Print nothing but the lines from the start of the listing below through the line that contains "Le film<em>Arme à". Do not include the pictures.

§ Dataset section:
────────
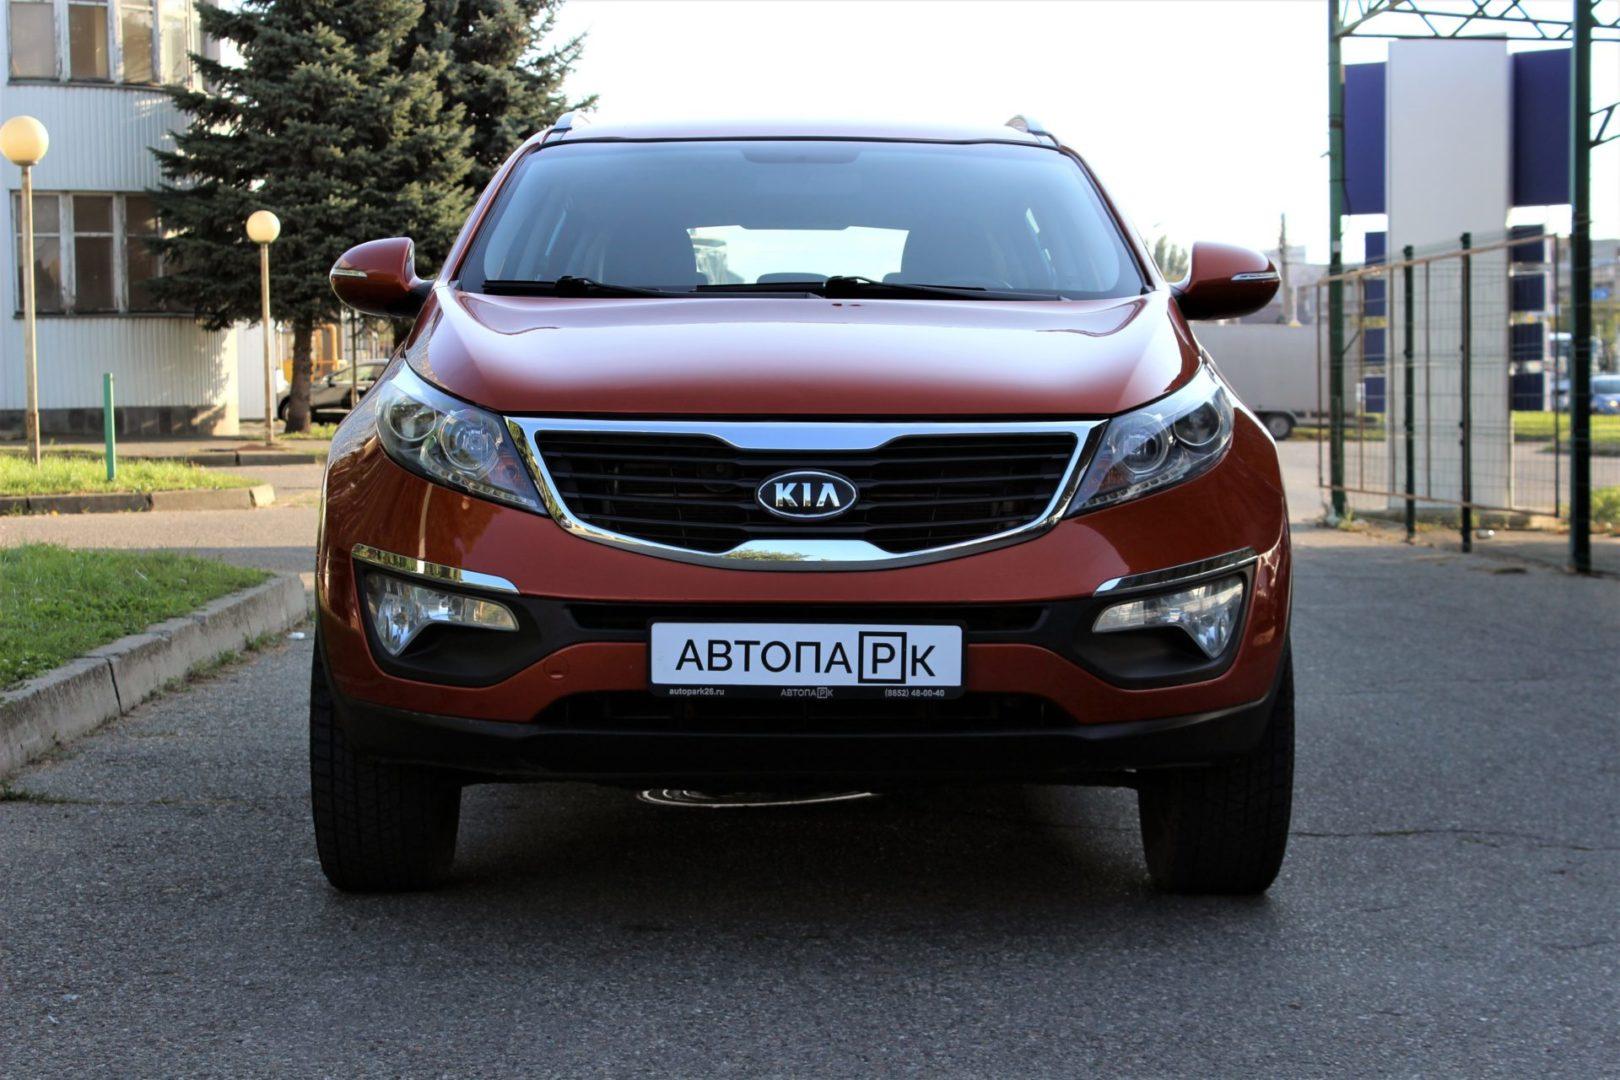 Купить Kia Sportage (Оранжевый) - Автопарк Ставрополь
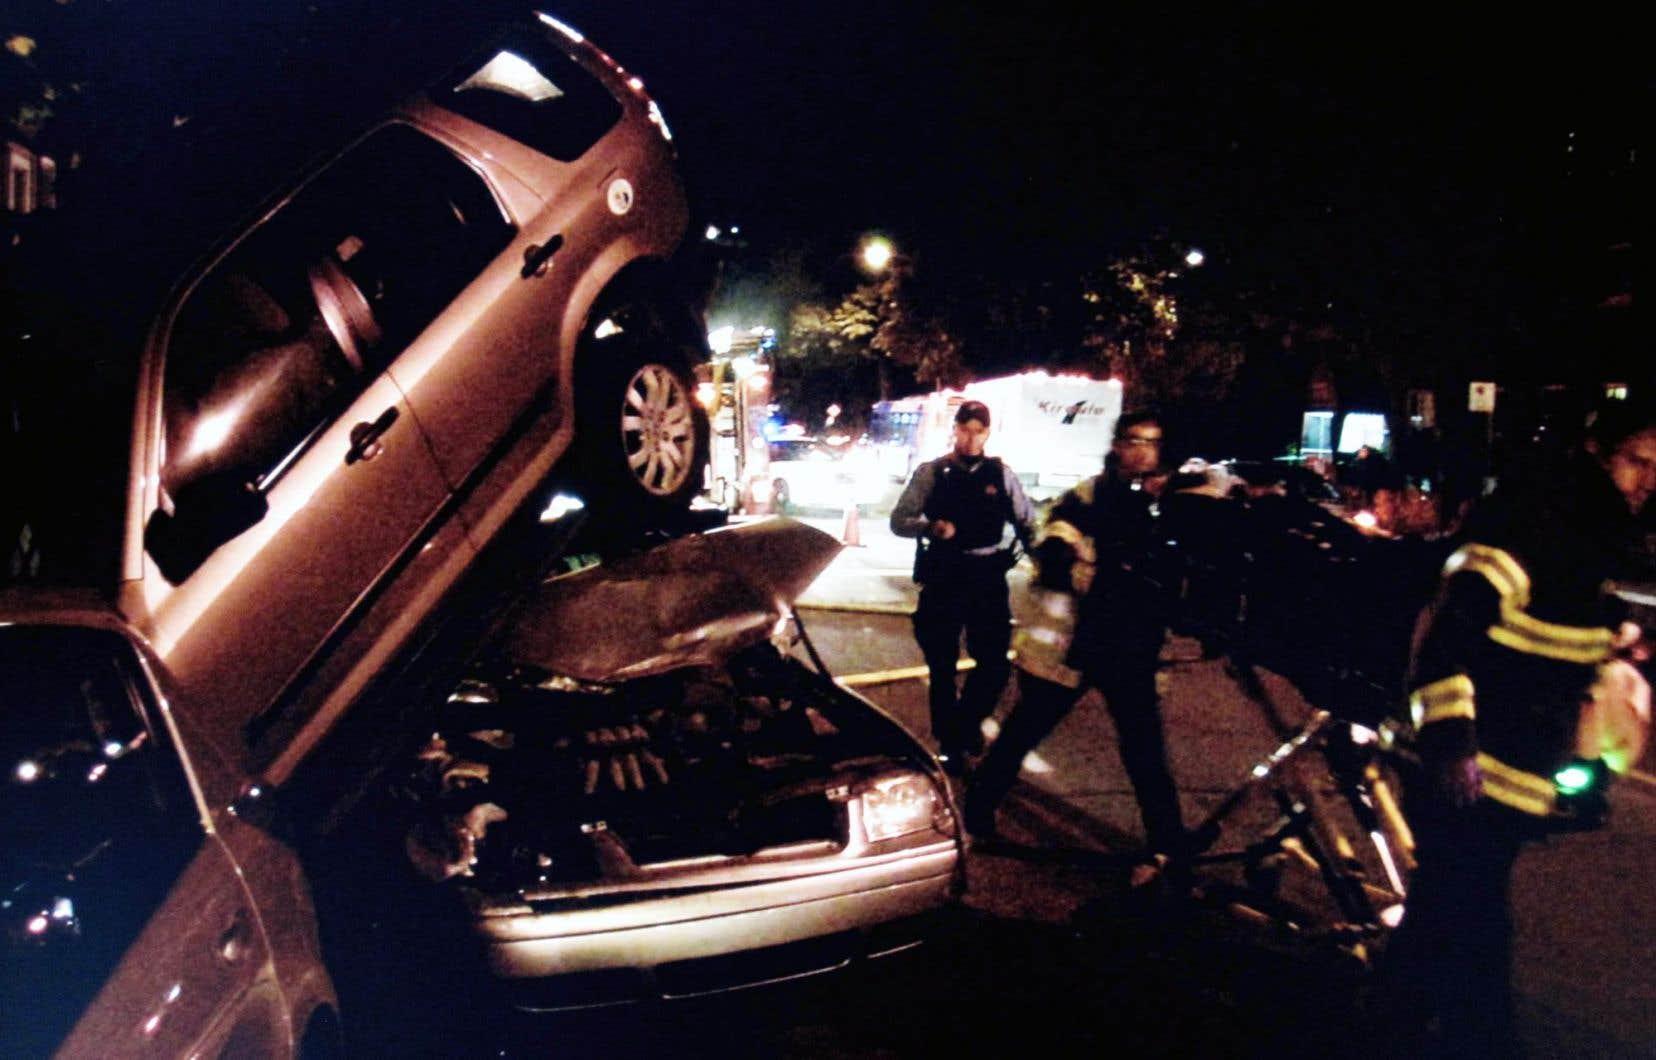 Le film<em>Arme à quatre roues</em>ne suit pas le modèle du documentaire traditionnel, exposant davantage le point de vue des militantspour un durcissement des mesures contre les «criminels» de la route.
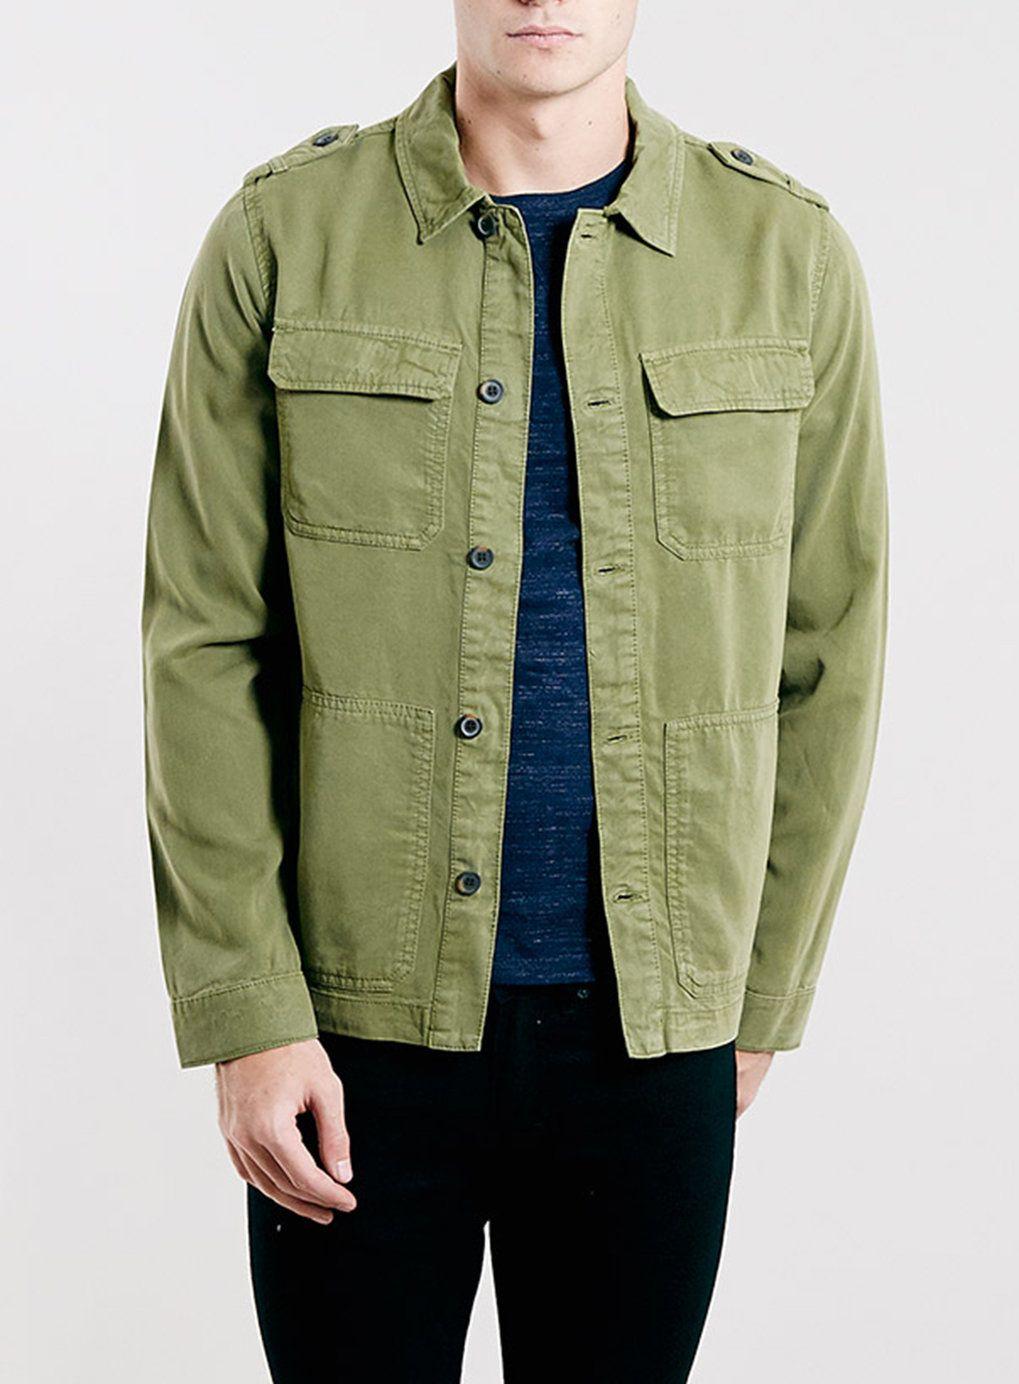 Mens khaki jacket casual - Khaki Military Shacket Mens Coats And Jacketsdenim
────────
§ Solution to the exercise:
 Купить Kia Sportage (Оранжевый) - Автопарк Ставрополь
 Le film<em>Arme à quatre roues</em>ne suit pas le modèle du documentaire traditionnel, exposant davantage le point de vue des militantspour un durcissement des mesures contre les «criminels» de la route.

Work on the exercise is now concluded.